With technology leading the globalisation of universities, students can choose to learn from home or work by a mixture of face to face teaching, videoconferencing or online.
“The changes in technology, economic and social change and the globalisation of education have undoubtedly opened up an adaptive space for universities to explore and, perhaps, exploit,” added James Fraser. “Indeed students can access university education free of charge by switching on their laptops, tablets or mobile phones!
“We have the opportunity to stretch and challenge the traditional concepts and paradigms of ‘a university’ in Scotland and beyond; to expand into that adaptive space and in doing so to meet the needs of learners, industry and society on not only a regional basis but also at national and global levels.”
The University of the Highlands and Islands has already gained years of experience of delivering education in this way.
“There is no compelling reason for keeping this a secret within our borders –we can use our delivery mechanism to secure our share of the new global landscape,” added Mr Fraser.

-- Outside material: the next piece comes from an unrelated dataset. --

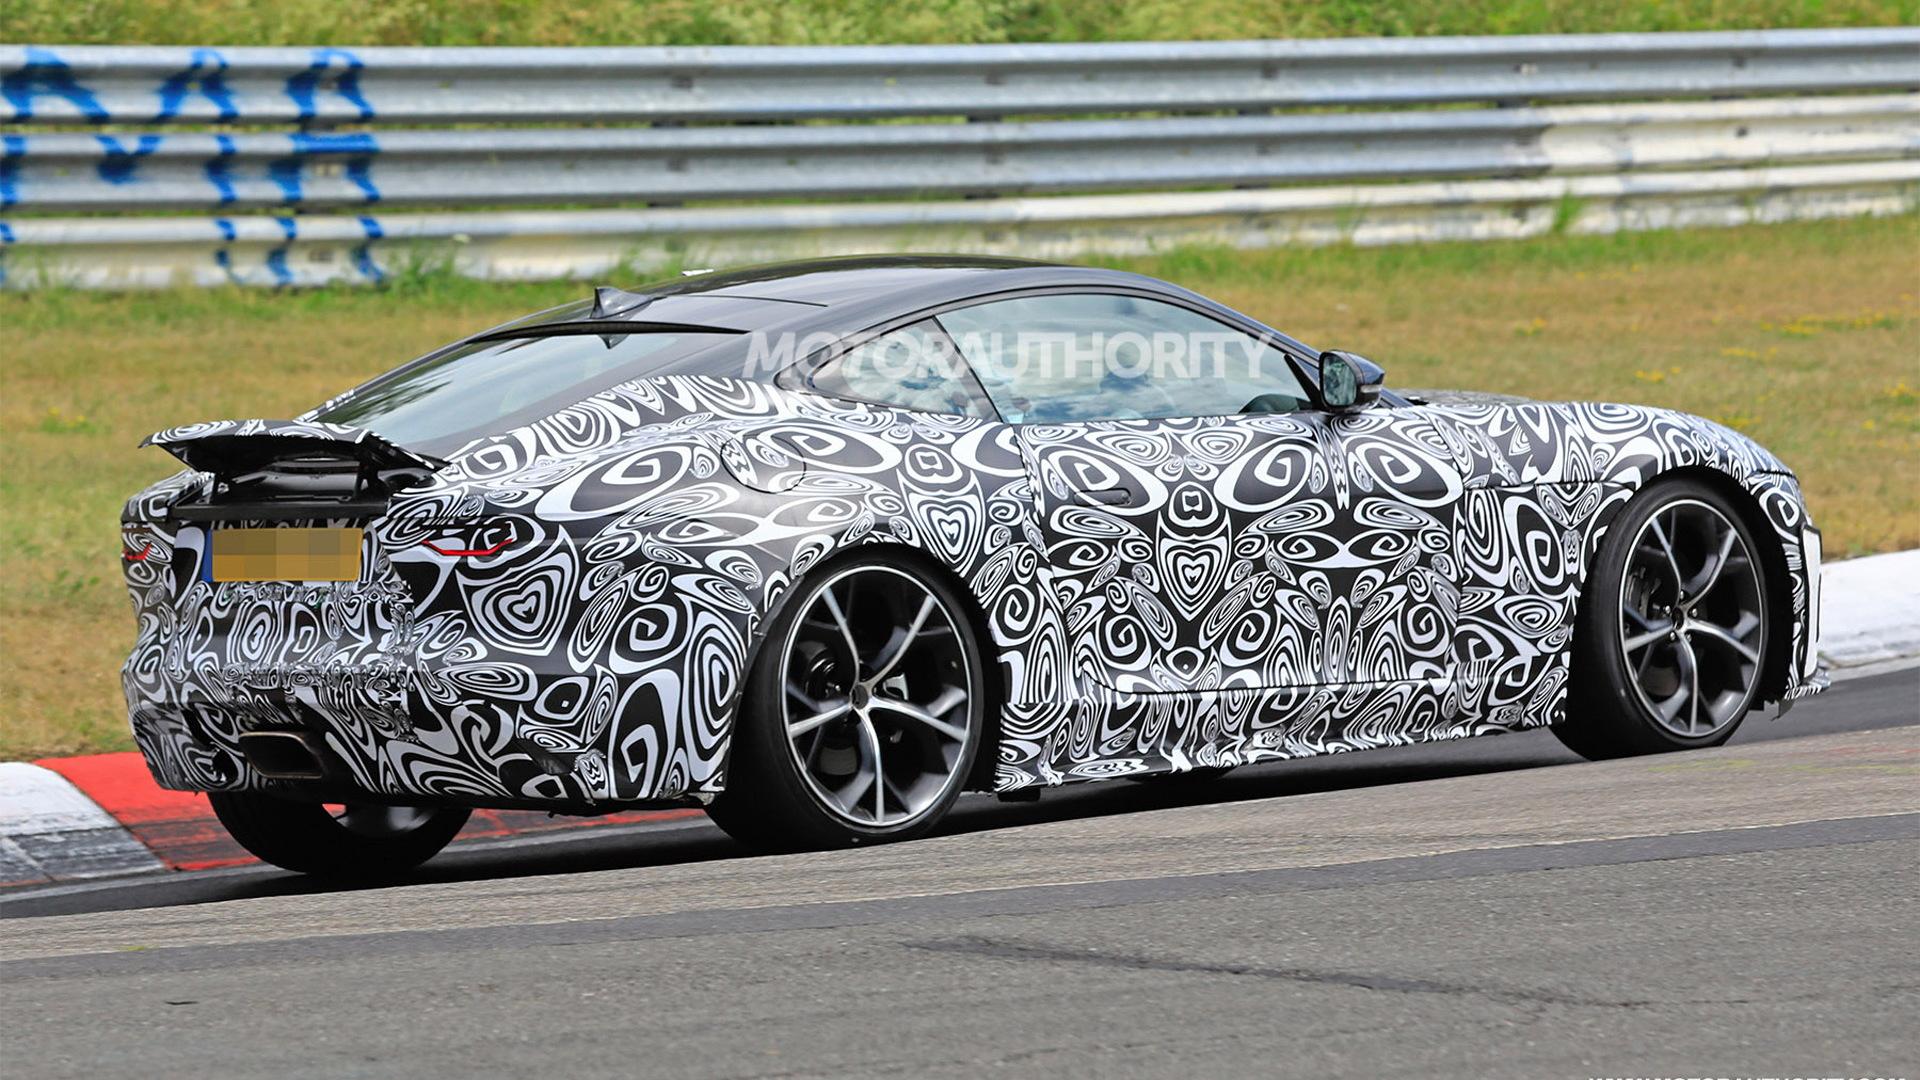 2021 Jaguar F-Type spy shots - Image via S. Baldauf/SB-Medien
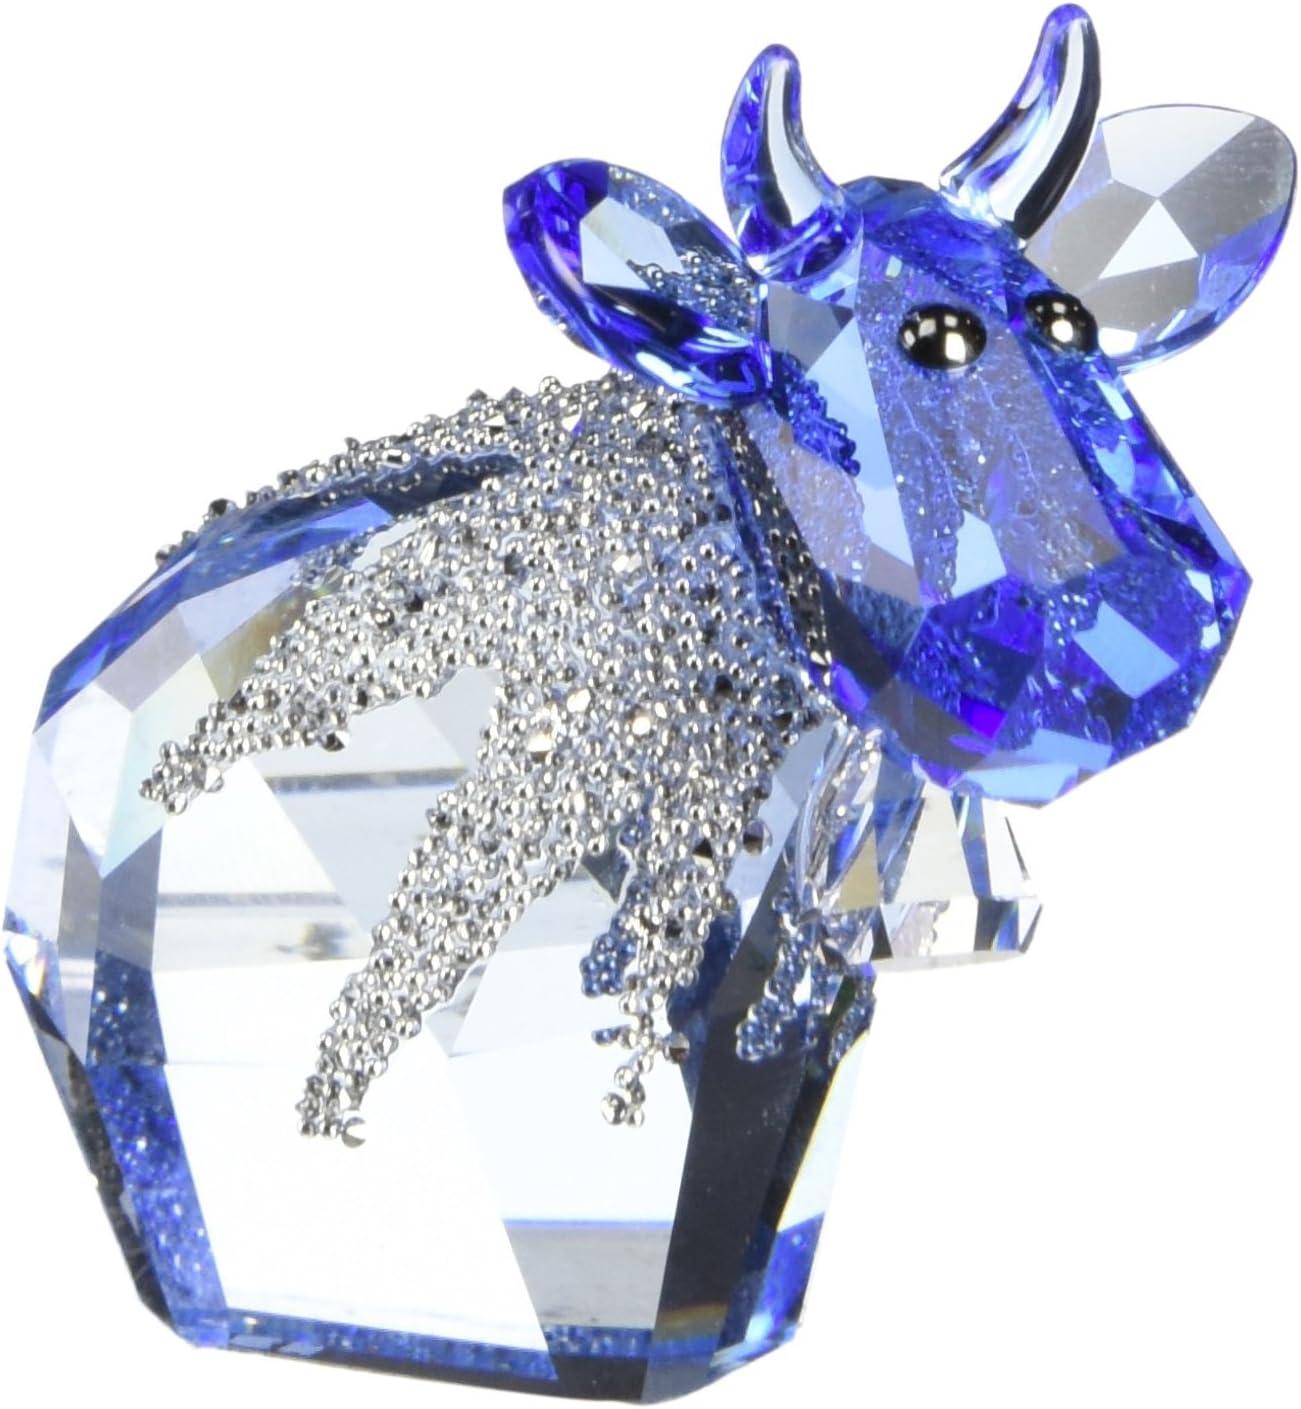 SWAROVSKI Ice Mo Figurine, Limited Edition 2015

But, he warned, that in this new world Scottish higher education providers have to ensure the education experience they are offering is high quality and connected to the world of work so that the students can compete successfully as employees or as entrepreneurs.
“Scotland has a world acclaimed university system; we punch well above our population weight in teaching and in research. Our quality is excellent and we continue to attract acceptable volumes of students. But Scottish universities compete in this new world of highly accessible global education, where other world famous universities such as Harvard and Oxford already compete for students with iTunes U.
“We cannot simply stand still and continue to offer traditional study options to our students,” he explains. “We have to challenge the paradigm by re-examining what we do and offer our different customers not only what they need and want, but at the time they want it, and at the place they want it and in the way they want it – should that be long part-time study or shorter full-time study based on a 12 month academic year.”